10. I have considerable doubt about whether Lord Justice Sedley's logic in YB can be extended to apply to any country where human rights abuses take place. He was dealing with an appeal concerning the particular factual matrix relating to Eritrea, an exceptionally paranoid and zealously oppressive state. The country background material was such that it raised an inference that a demonstration outside of the Eritrean embassy in London would be monitored. It was accepted that photographs had been taken, but the Upper Tribunal had dismissed the appeal for the absence of the evidence that the Eritreans had the technology or inclination to identify nationals pictured in them. The inference drawn by Lord Justice Sedley therefore filled a far smaller evidential gap. The Tribunal in this case has simply accepted that the Appellant attended a "low key" demonstration in central London some miles from the Gambian High Commission. Even if I accept, applying the lower standard of proof, that some risk of identification could be inferred, the "real question" remains: would the Appellant simply be viewed by the Gambian authorities as an opportunistic hanger-on rather than an actual political opponent?
11. The First-tier Tribunal found that the Appellant had been in the UK since 2003 and that for eleven years he did not claim asylum. The Tribunal gave careful consideration to the reasons advanced for that delay, and to the Appellant's claims about his political activity prior to coming to the UK. His explanations were rejected.
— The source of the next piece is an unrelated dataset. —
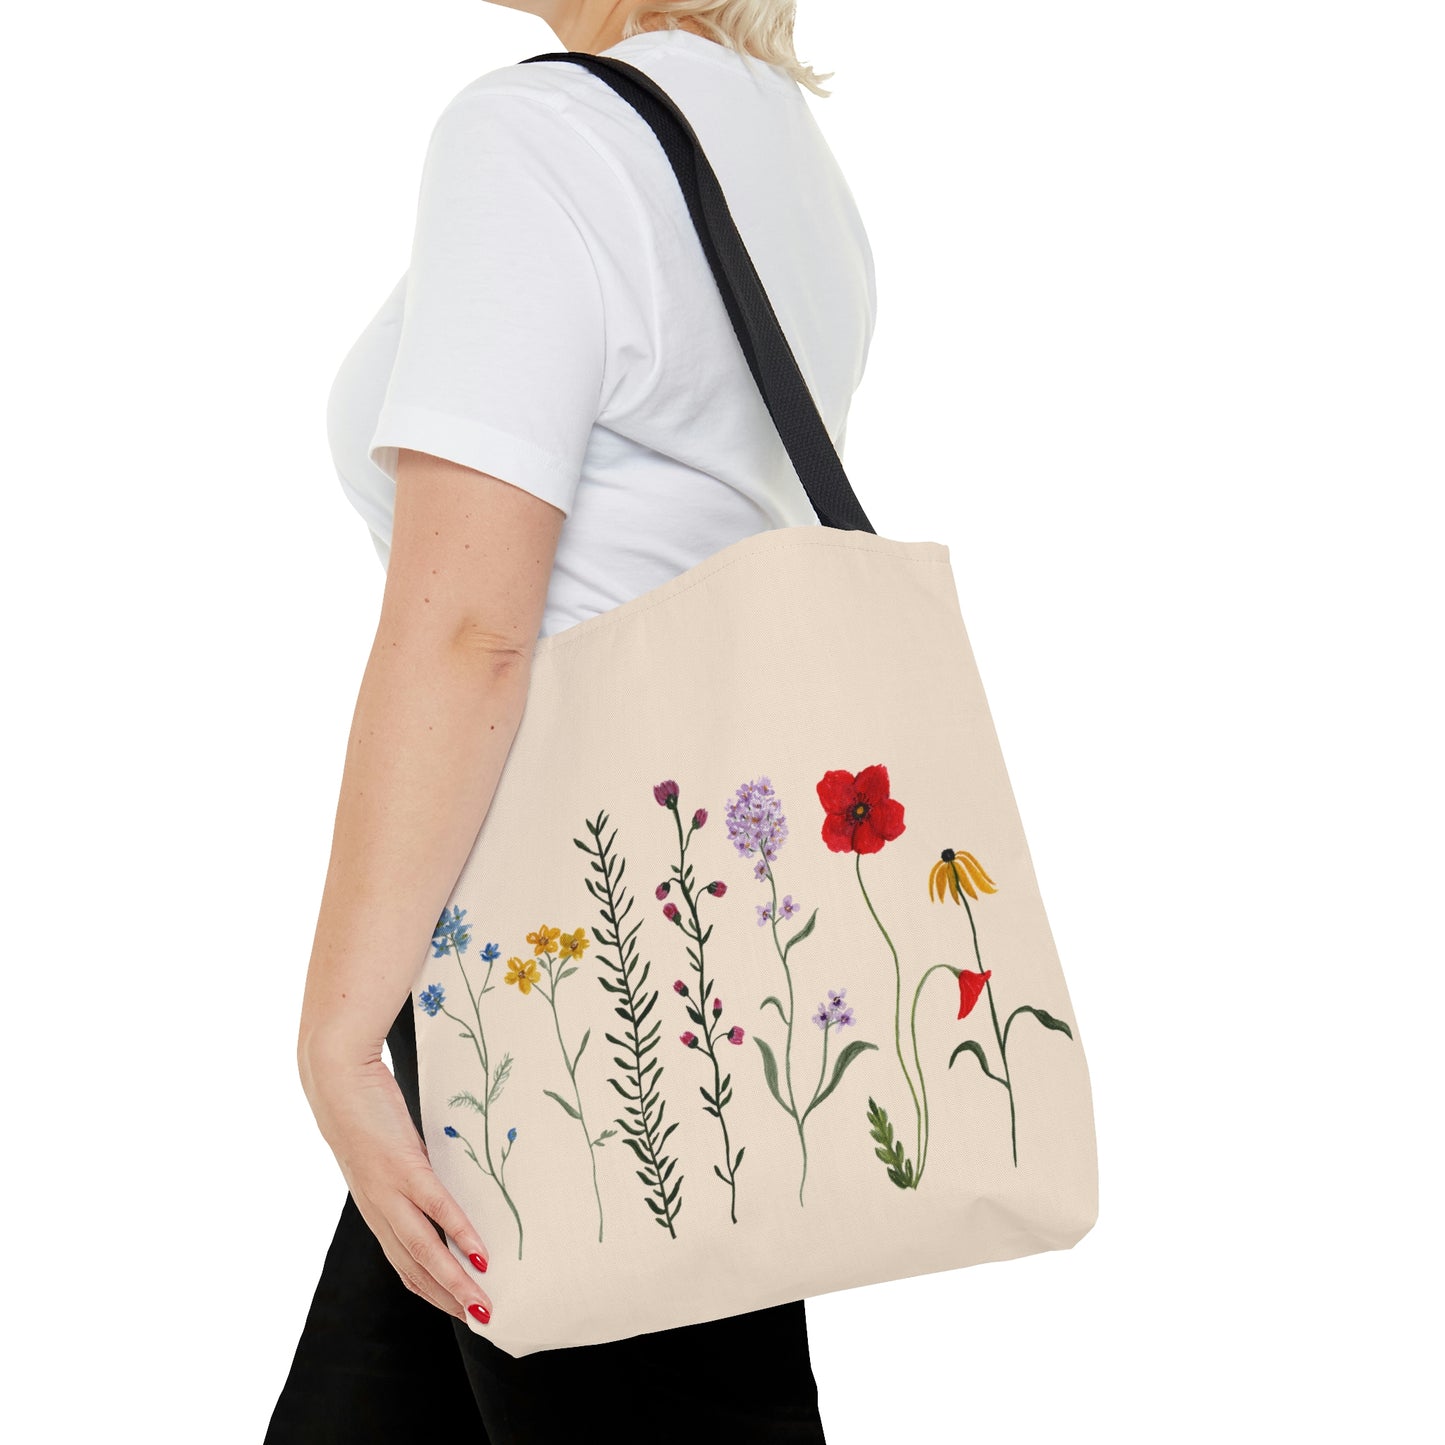 Wildflowers - Tote Bag

Having heard the oral evidence the Tribunal could not find, on the lower standard, that the Appellant had ever had any political involvement at all, or that he had ever done anything likely to attract the adverse attention of the Gambian government. In answer to Sedley LJ's "real question" the Appellant would appear to be the classic "opportunistic hanger-on". There was no evidence that he would face a risk on return to Gambia in these circumstances. Whether or not the First-tier Tribunal was entitled to dismiss the appeal for the reasons set out in the grounds, this cannot be shown to be an error such that the decision should be set aside. That is because it was the Tribunal's clear finding that the Appellant was not genuinely involved in politics; nor did he have a reason to fear return to Gambia.
Decisions
12. The determination contains no error of law and it is upheld.
13. In view of the subject matter of this appeal I am satisfied, having had regard to Rule 14 of the Tribunal Procedure (Upper Tribunal) Rules 2008 and the Presidential Guidance Note No 1 of 2013: Anonymity Orders, that it would be appropriate to make a direction for anonymity and do so in the following terms:
"Unless and until a tribunal or court directs otherwise, the Appellant is granted anonymity. No report of these proceedings shall directly or indirectly identify him or any member of his family. This direction applies both to the Appellant and to the Respondent. Failure to comply with this direction could lead to contempt of court proceedings".